I can't think of a snappy way to start this blog off so let's go for the cold, hard facts. Last Tuesday I took an overdose.

My mental health has been getting worse and worse since the early months of the year and most bizarrely with no clear trigger. Slowly the things I enjoy have been slipping away, even the recent airshow - normally my 4 favourite days of the year - went past in a fuzz of misery and despair.

Despair seems like a very dramatic word and it's not an emotion I've really felt before (aside from the comical despairing at the dog/bunnies' behaviours) until now. I really wouldn't reccomend trying it at home kids, it's a truly horrid feeling of your emotions and thoughts becoming so desperate you feel like your head will explode with the pressure.

I think what's made the situation harder than other previous low patches (which now seem far more bearable all of a sudden) is that there really has been no trigger or cause. I was really enjoying work, getting stuck in to studying my Wicca, getting plenty of walking in, I'd just lost 4 stone, Esme is still being her grumpy self and Eos has joined the family with her crazy border collie energy. But something just wasn't and isn't right. Until last week I'd barely made it to work for more than 1/2 days a week. Because I was at home all the time the exercise has gone out the window along with the strictness of my diet - I've put around 3 kilos back on since the start of the year. Add to that money worries from the lack of working and it was becoming the perfect storm.

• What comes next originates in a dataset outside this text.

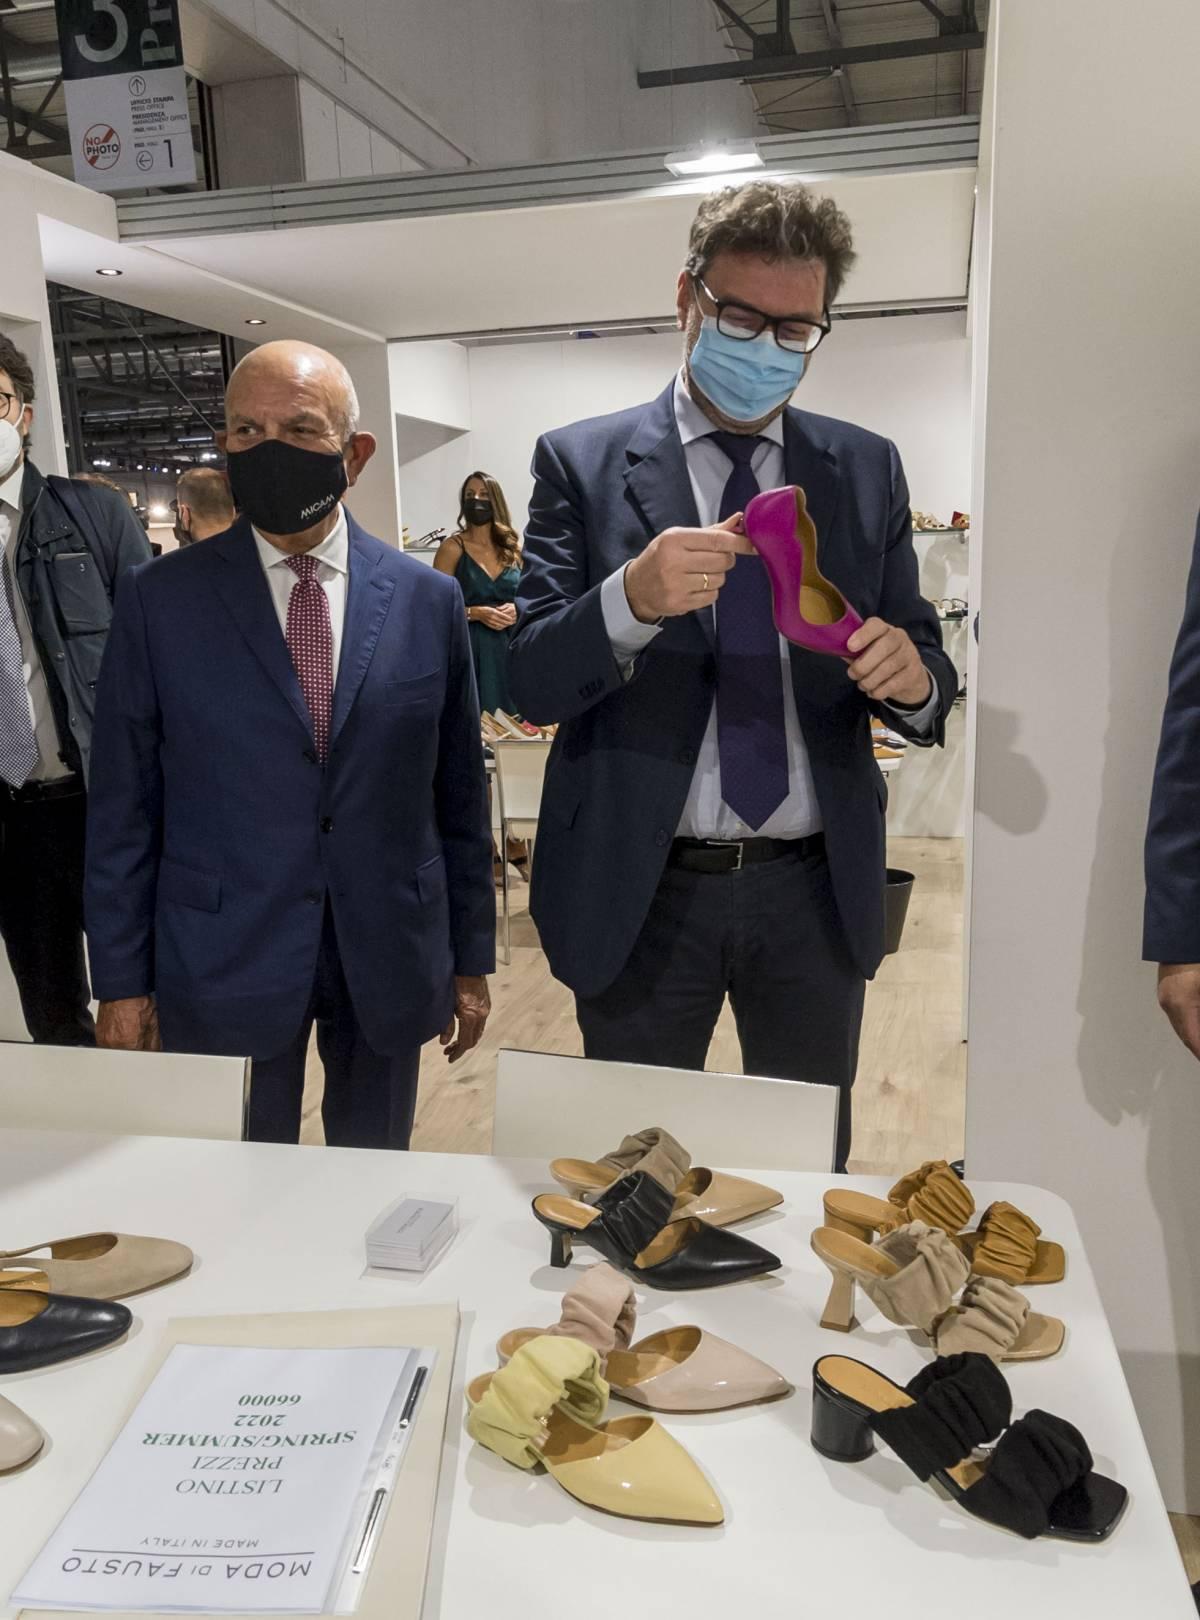 Giorgetti in fuga da Salvini. E Landini fa la resistenza

So last Tuesday I'd had a build up of feeling utterly hopeless and miserable. So much so that I'd actually been up the previous night writing a goodbye note to my loved ones 'just in case' it all became too much. The final nail in the coffin was finding out that there was no more work for me meaning that I was now completely financially stuffed.

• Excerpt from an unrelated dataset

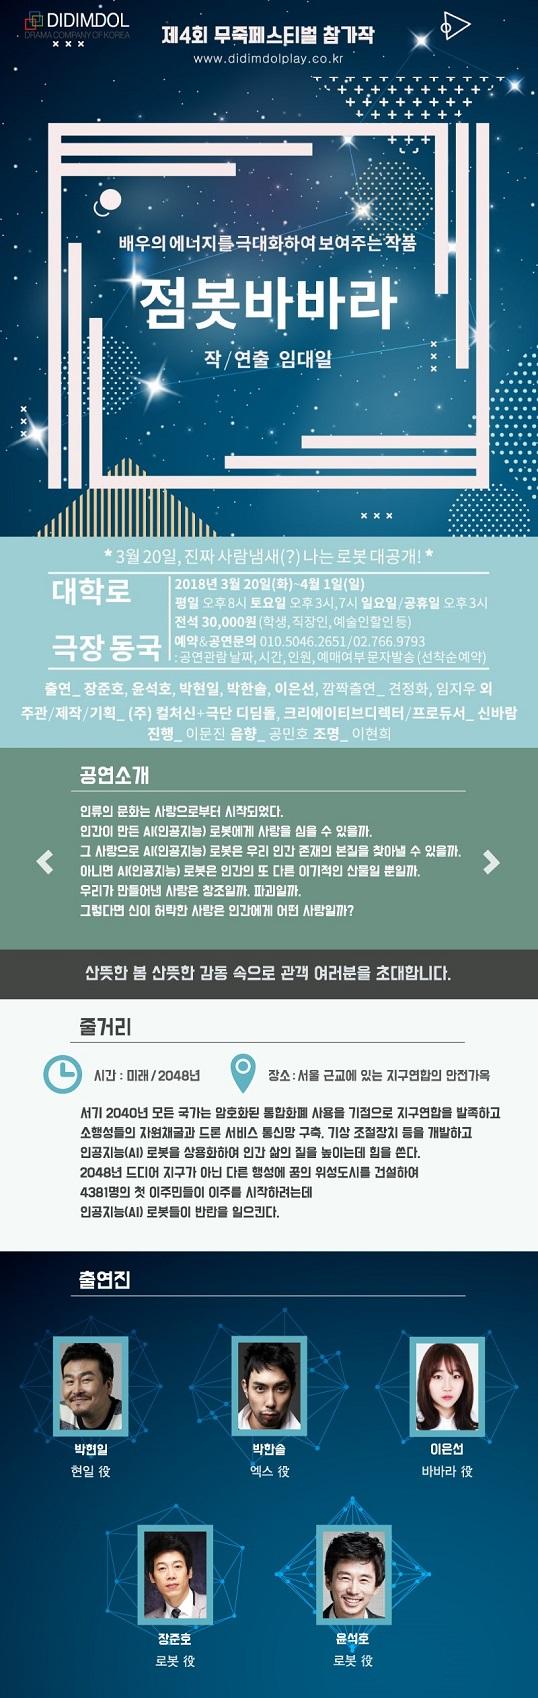 제4회 무죽페스티벌 참가작 연극  특별 초대 이벤트

I left work choking back tears as I made my way to town for my regular counselling appointment. Although rather than my normal pre-session milkshake this time I went for vodka and ibuprofen. I guess I just wanted to black out, to pretend that this wasn't happening, to shut my head up and send my worries packing just for a minute. I didn't manage to knock too much back, my conditioned politeness saved the day as I didn't want to be late for my counselling appointment. The upshot was that I didn't take enough in to need the hospital, in fact the ibuprofen probably saved me an epic neat-vodka induced hangover.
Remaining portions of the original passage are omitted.